Twenty police officers capacitated to draft border security policy

South Sudan's Nimule border

International Organization for Migration has trained South Sudan National Police Service in the capital Juba to drafted a cross-border security strategy policy to regulated people’s movement.

The move is to improve human trafficking and illegal border crossing between Djibouti, Eritrea, Ethiopia, Kenya, Somalia, South Sudan, Sudan, and Uganda.

Some migrants are often exposed to violence, enslavement, and exploitation.

One-day consultation strategy training was initiated by UN Migration Agency (IOM) and South Sudan police.

Different stakeholders, including government officials, migrants, humanitarian actors, and expert groups, participated in the events.

IOM South Sudan’s Chief of Mission Peter Van Der Auweraert said, “the general purpose of border management is to ensure the duly authorized, legitimate, safe, secure and efficient cross-border movement or transit of people, goods, conveyances, services, and capital.”

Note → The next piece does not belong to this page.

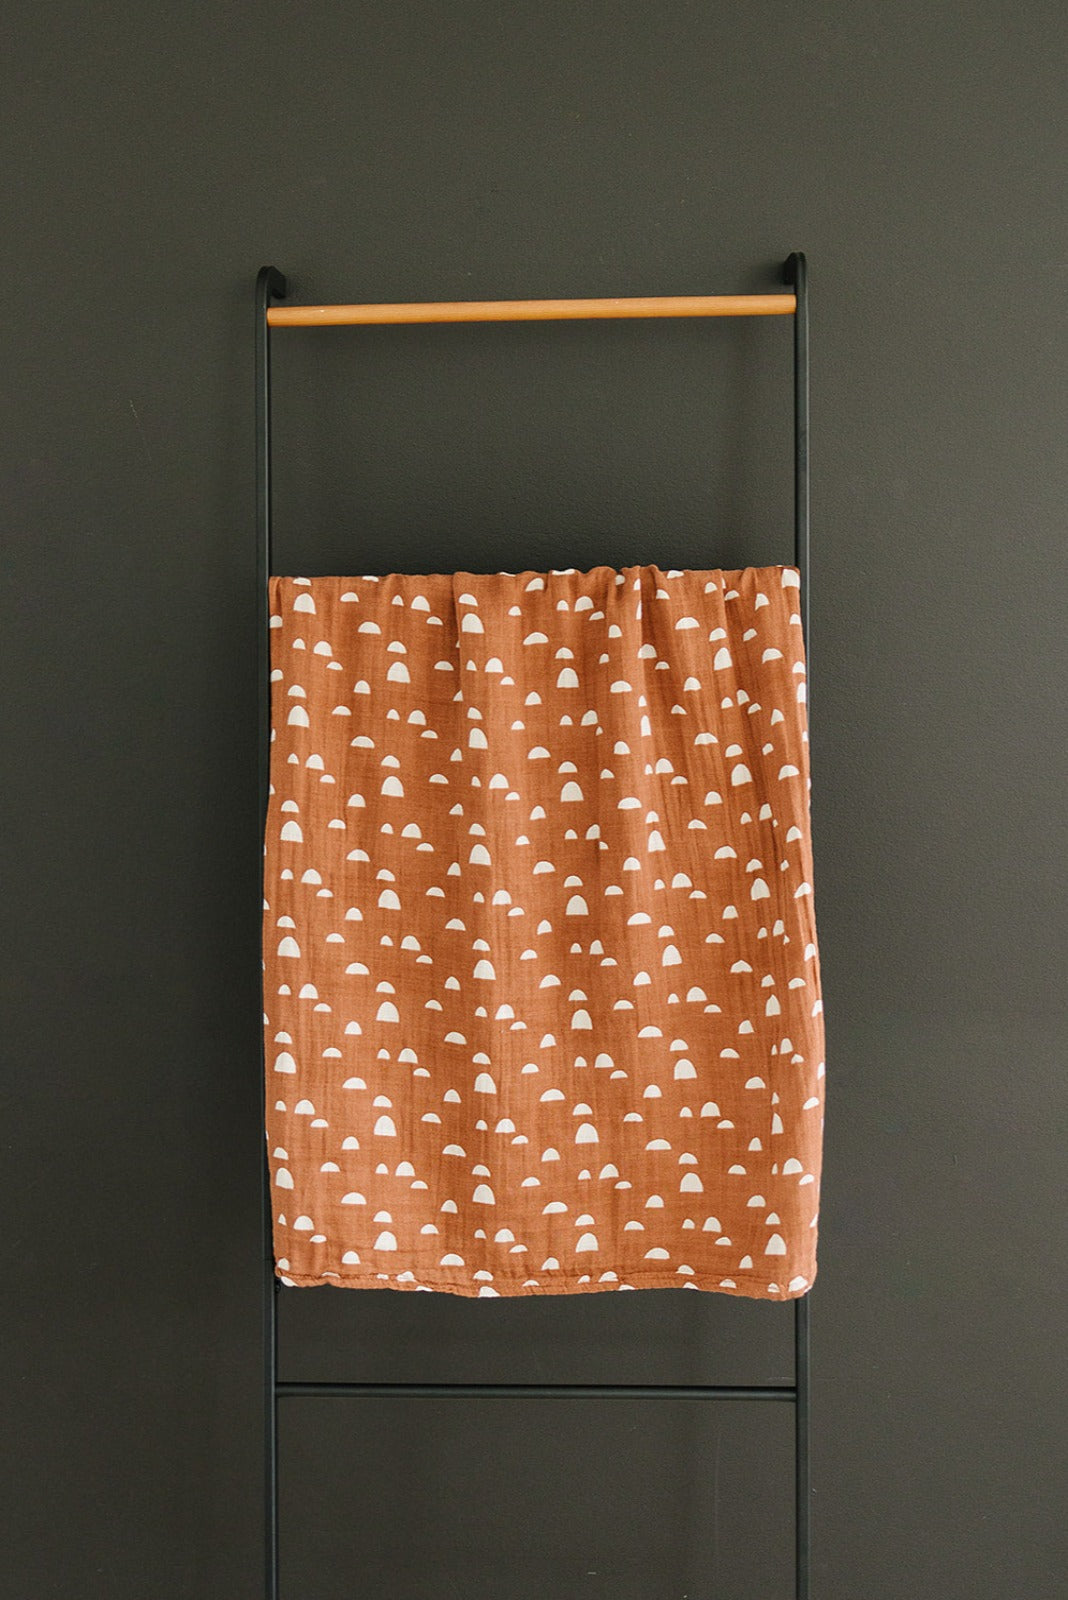 Arches Muslin Swaddle Blanket
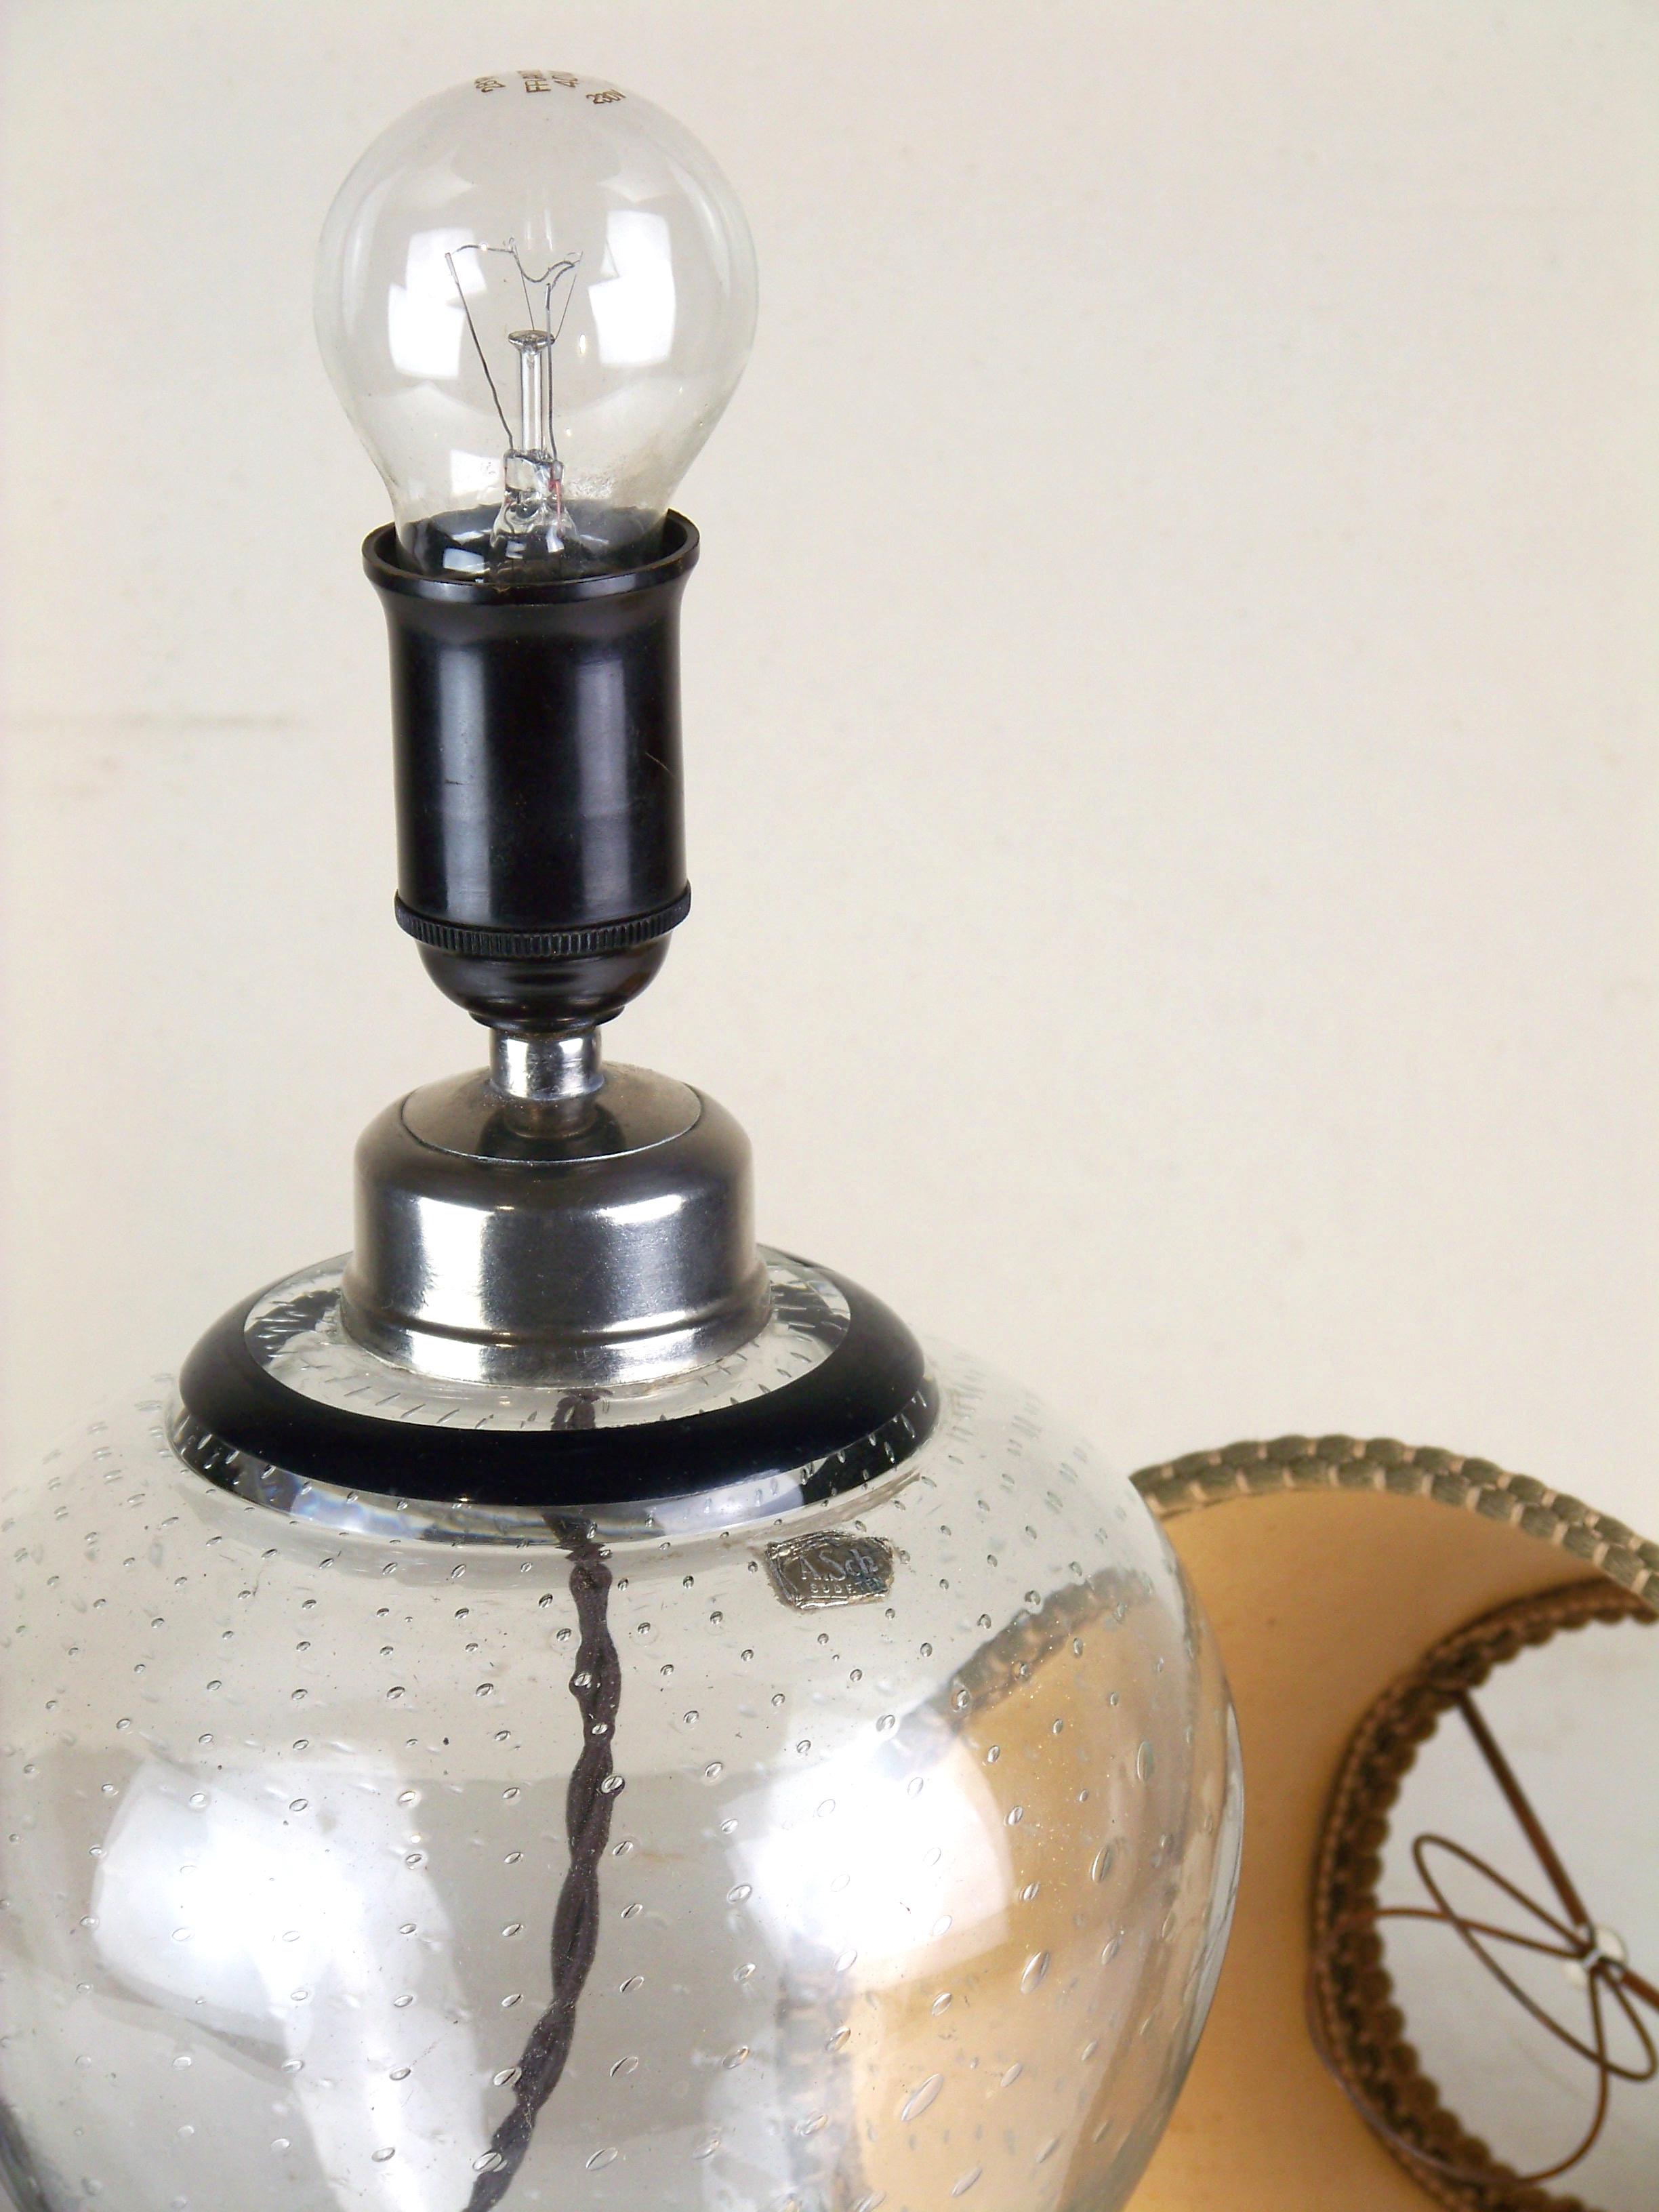 20th Century Table Glass Lamp - A.Sch. Sudetenland, 1938-1945 For Sale

It is critical to consider the current context and foresee the benefits of well-managed borders for South Sudanese and migrants”.

Head of Cooperation, Embassy of Germany Janika Walter stated, “border officials play the main role in facilitating migration, identifying victims of trafficking, assisting them, and initiating investigations against the traffickers.”

She emphasized that border management and border security strategy contribute to improved cross-border relations not only with neighboring countries.

But also facilitate cross-border collaboration to address transnational organized crimes, foster economic cooperation, peaceful and organized neighborhoods.

The Inspector-General of Police, who has not been named, appreciated the support from IOM, the European Union, and the Government of Germany and requested that the partners double their efforts in solidifying peace and services delivery to South Sudanese.